PS : Le tracas avec la solution du "faire livrer au boulot" : quand le boulot est loin, le colis un peu encombrant ou lourd, et que tu n'as pas forcément envie que tous tes collègues soient au courant de tes achats.
Et aussi : le cas de la pick-up station où avec le code indiqué c'est un autre colis que l'on récupère. Un jour j'attendais un livre d'occasion j'ai récupéré un vêtement, rien n'avait à voir avec rien (pas du tout le même expéditeur).

9. Le jeudi 18 septembre 2025, 14:42 par Sacrip'Anne

Gilda je suis violemment contre les relais colis : si je voulais aller à 10 kms, je n'aurai pas commandé en ligne !!! D'habitude le gardien prend mais là j'ai un truc qui doit arriver, depuis deux jours "oups on n'a pas réussi à livrer". Or, je suis en télétravail, le gardien n'est pas en grève, personne n'a appelé, sonné, on parie qu'il va repartir comme il n'est probablement jamais venu, le colis ?
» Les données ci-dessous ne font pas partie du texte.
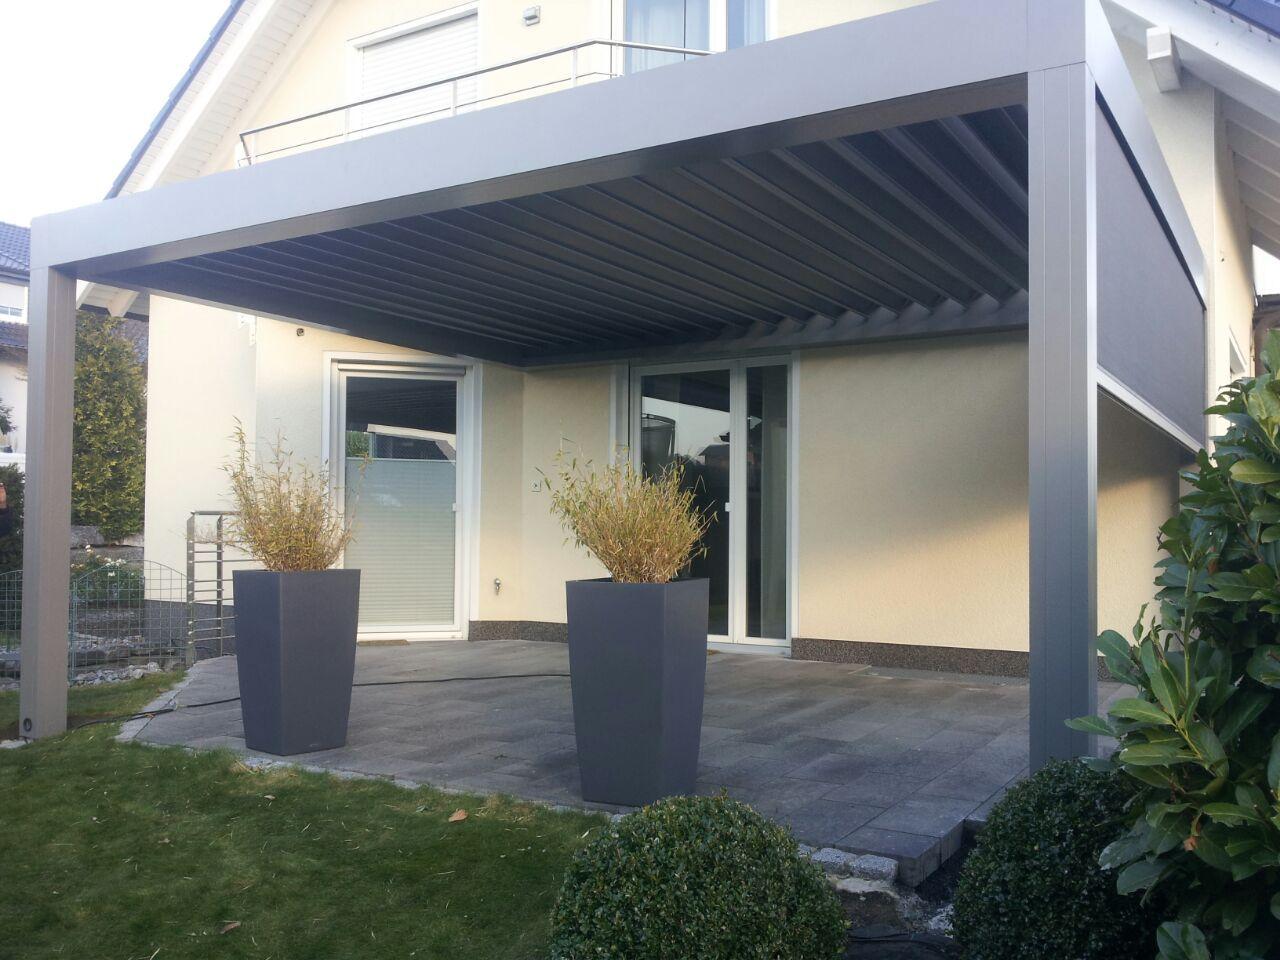 Terrassendach Camargue Mit Seitlichen Zip Marisen Als Sonnen

Au bureau ils nous mettent ça dans des casiers dans les parties communes, tu n'es pas obligée de déballer devant les collègues (enfin mes bottes motards doc, tu penses bien que j'ai frimé avec). Mais oui, et les surprises, et le temps passé ?

Mais tu sais ce qui m'énerve le plus ? C'est que nos immenses agacements nous cachent le fait que bien souvent, les jeunes gars qui s'y collent savent à peine lire. Ils ont sans doute juste assez d'alphabet pour avoir traficoté pendant une courte scolarité, passé le permis.... et donc sont non seulement précaires mais fragiles de ça. Va lire un plan quand ton GPS tombe en panne, les noms des rues, etc. Et vraiment, je l'ai remarqué souvent. Et au lieu de se demander ce qu'on fait pour ces gosses, ou pas si gosses, on leur met la pression à nous envoyer des demandes d'évaluation à peine le colis entre les mains, à leur filer des cadences horribles. Bref. Le monde est dégueu.